+++ Stored data

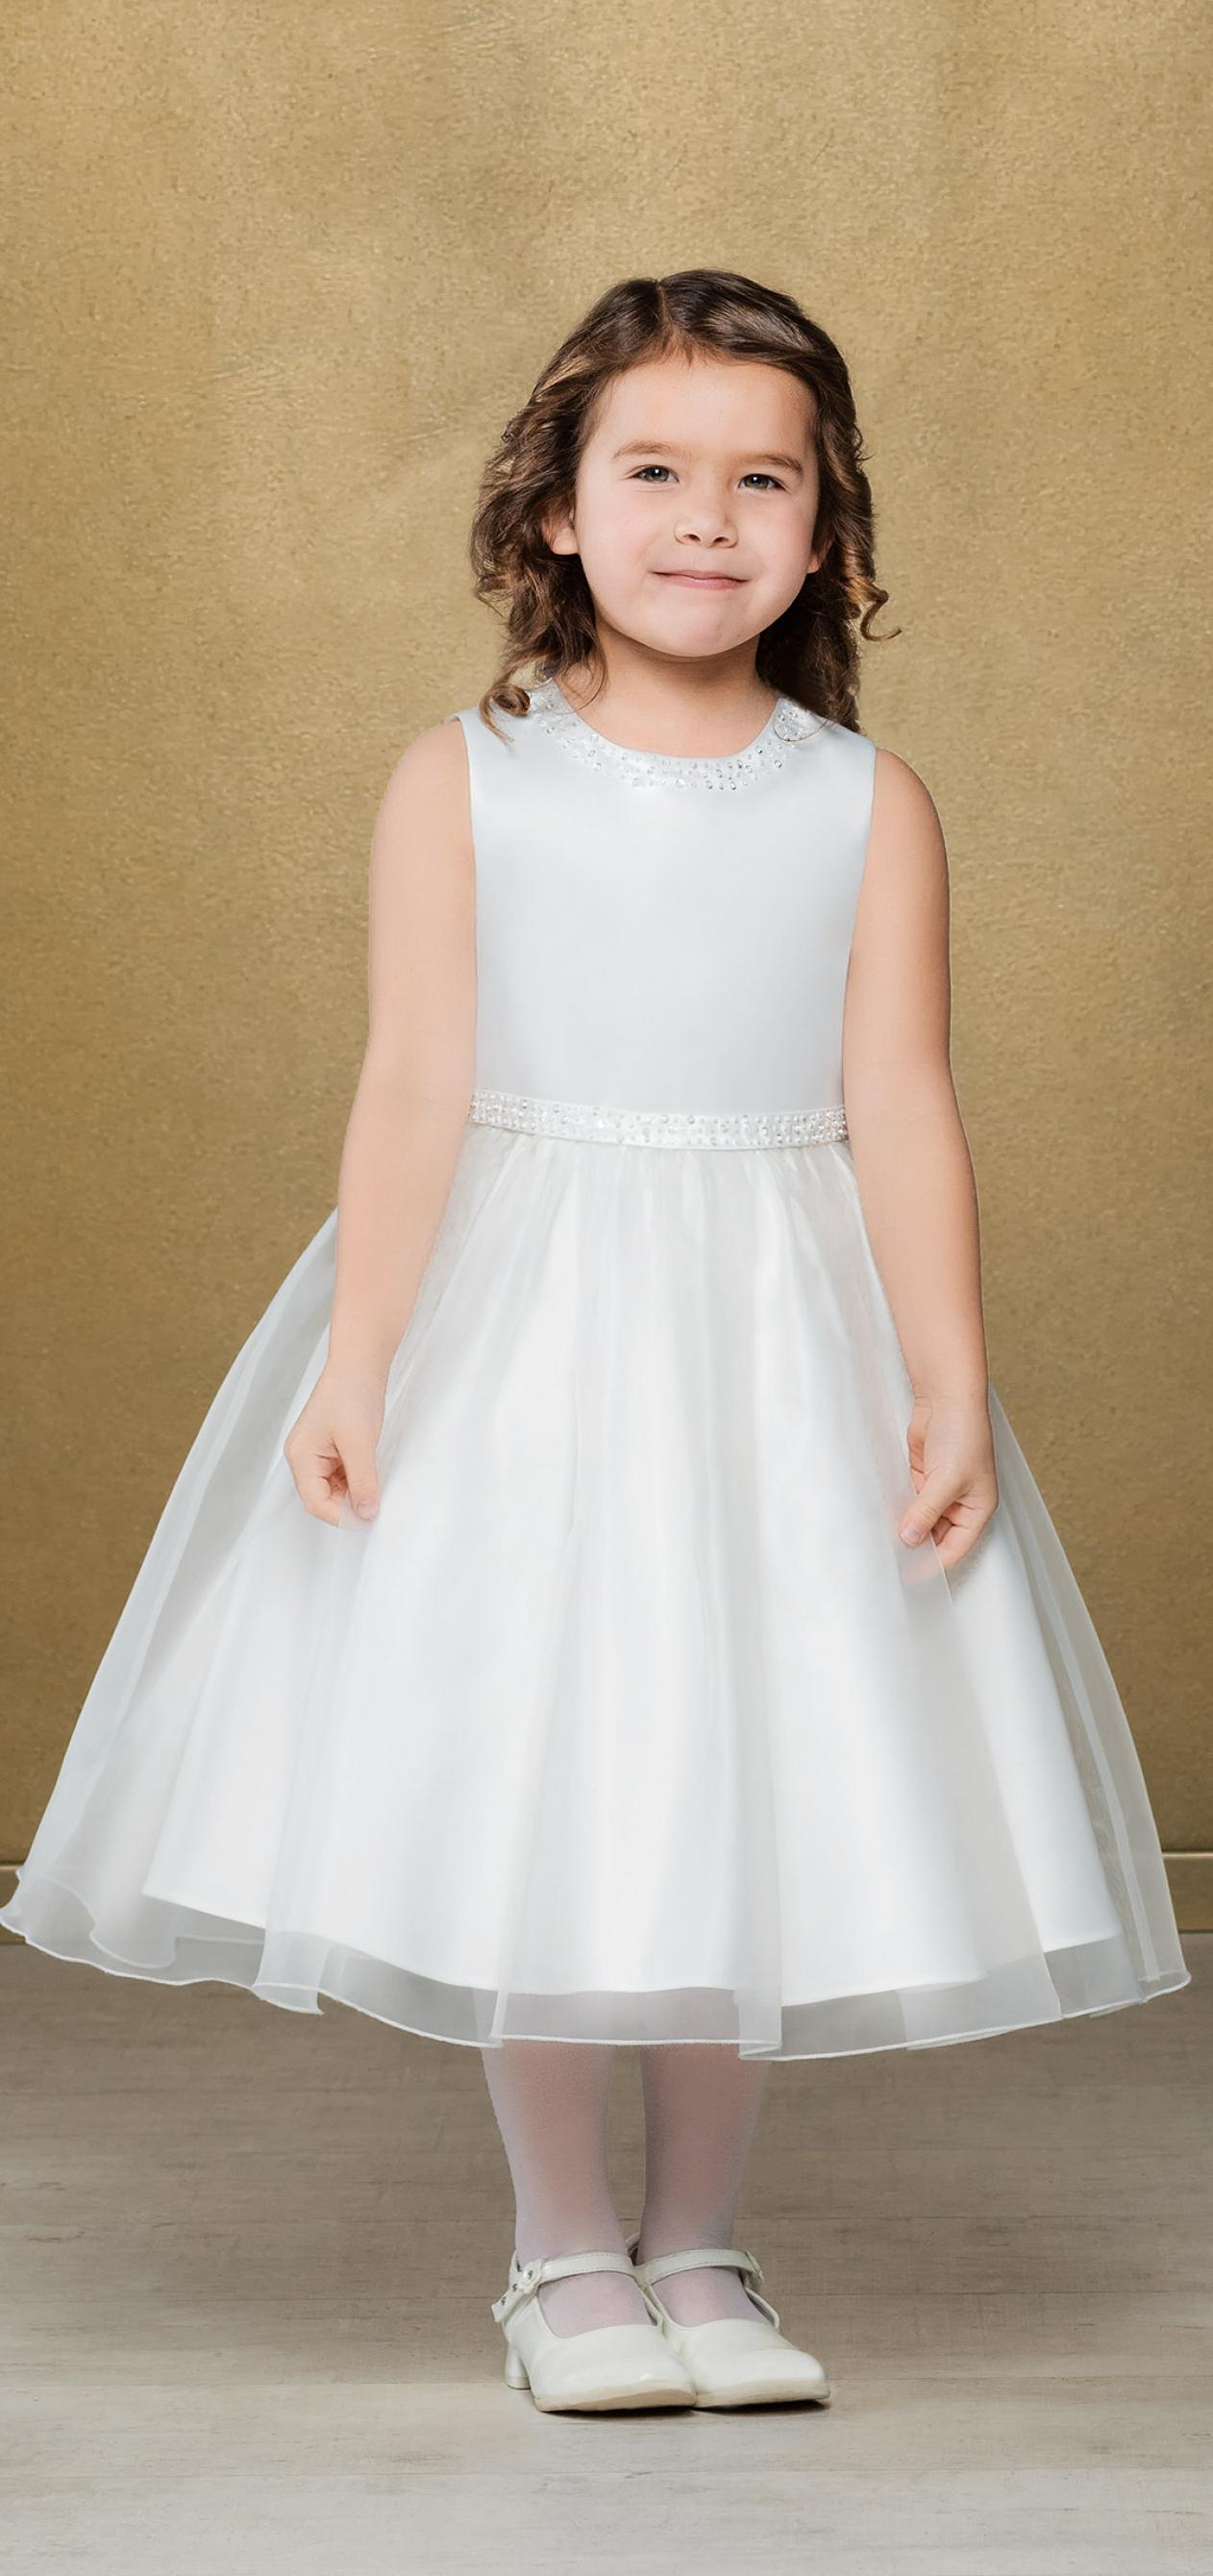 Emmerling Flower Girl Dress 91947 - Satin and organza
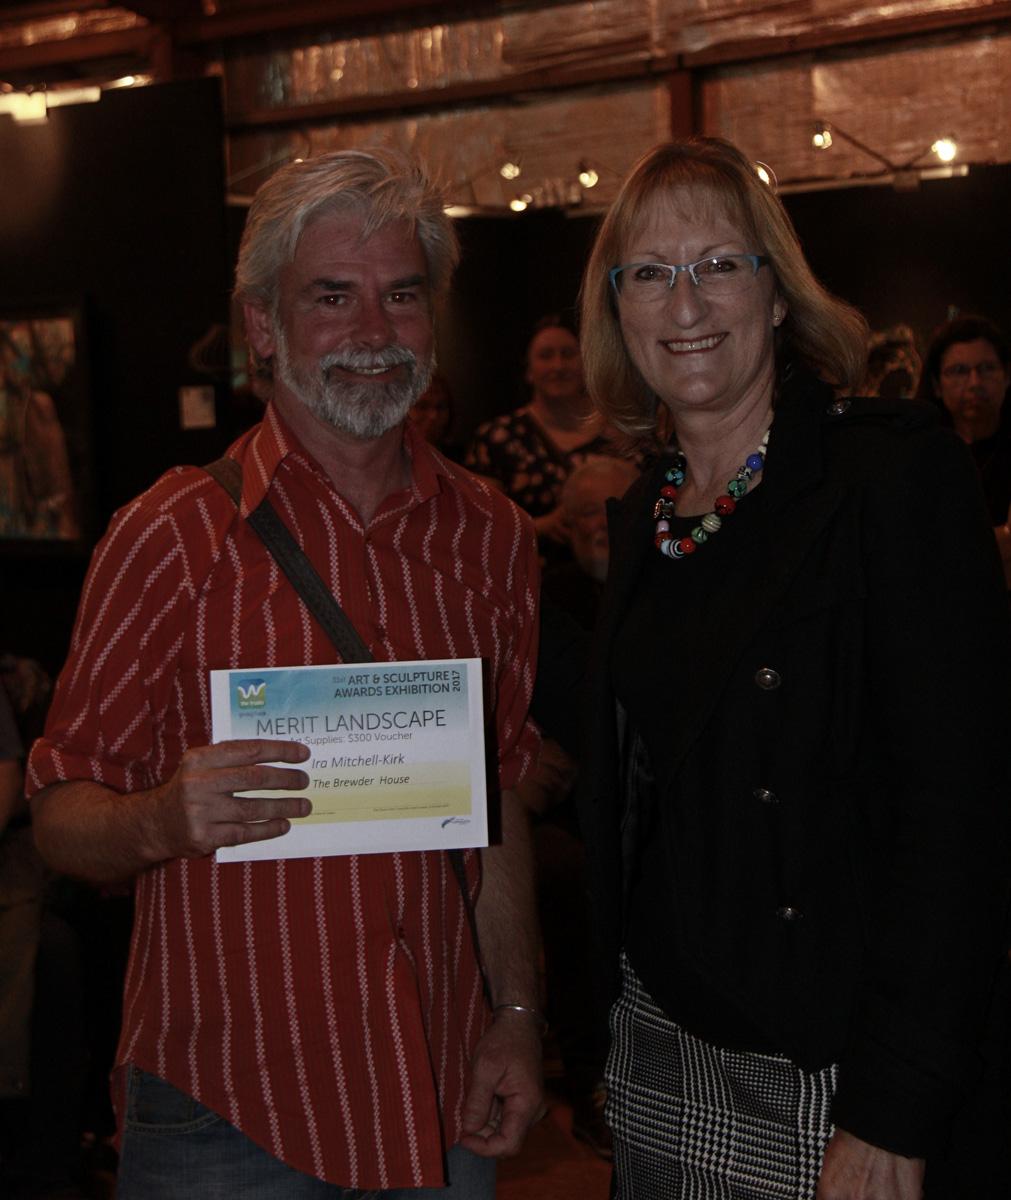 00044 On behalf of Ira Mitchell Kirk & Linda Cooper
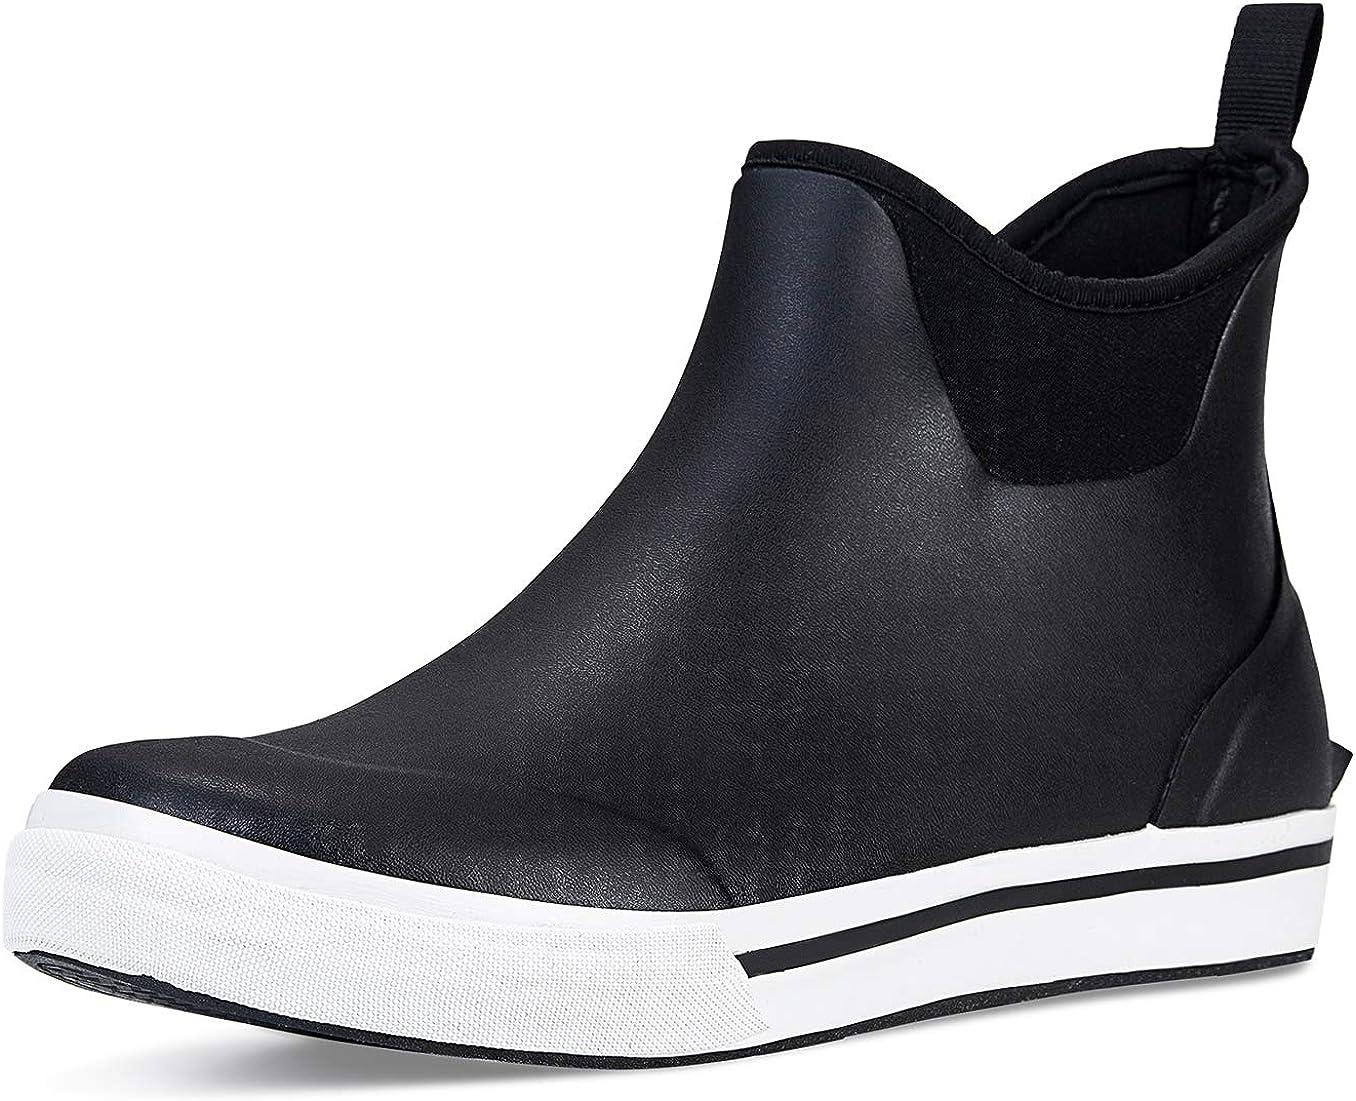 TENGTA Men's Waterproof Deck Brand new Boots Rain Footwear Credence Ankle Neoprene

++++++

Problem — Down to the last line, set down the data above exactly, and omit all images.

Task result —
 Emmerling Flower Girl Dress 91947 - Satin and organza
 00044 On behalf of Ira Mitchell Kirk & Linda Cooper
 TENGTA Men's Waterproof Deck Brand new Boots Rain Footwear Credence Ankle Neoprene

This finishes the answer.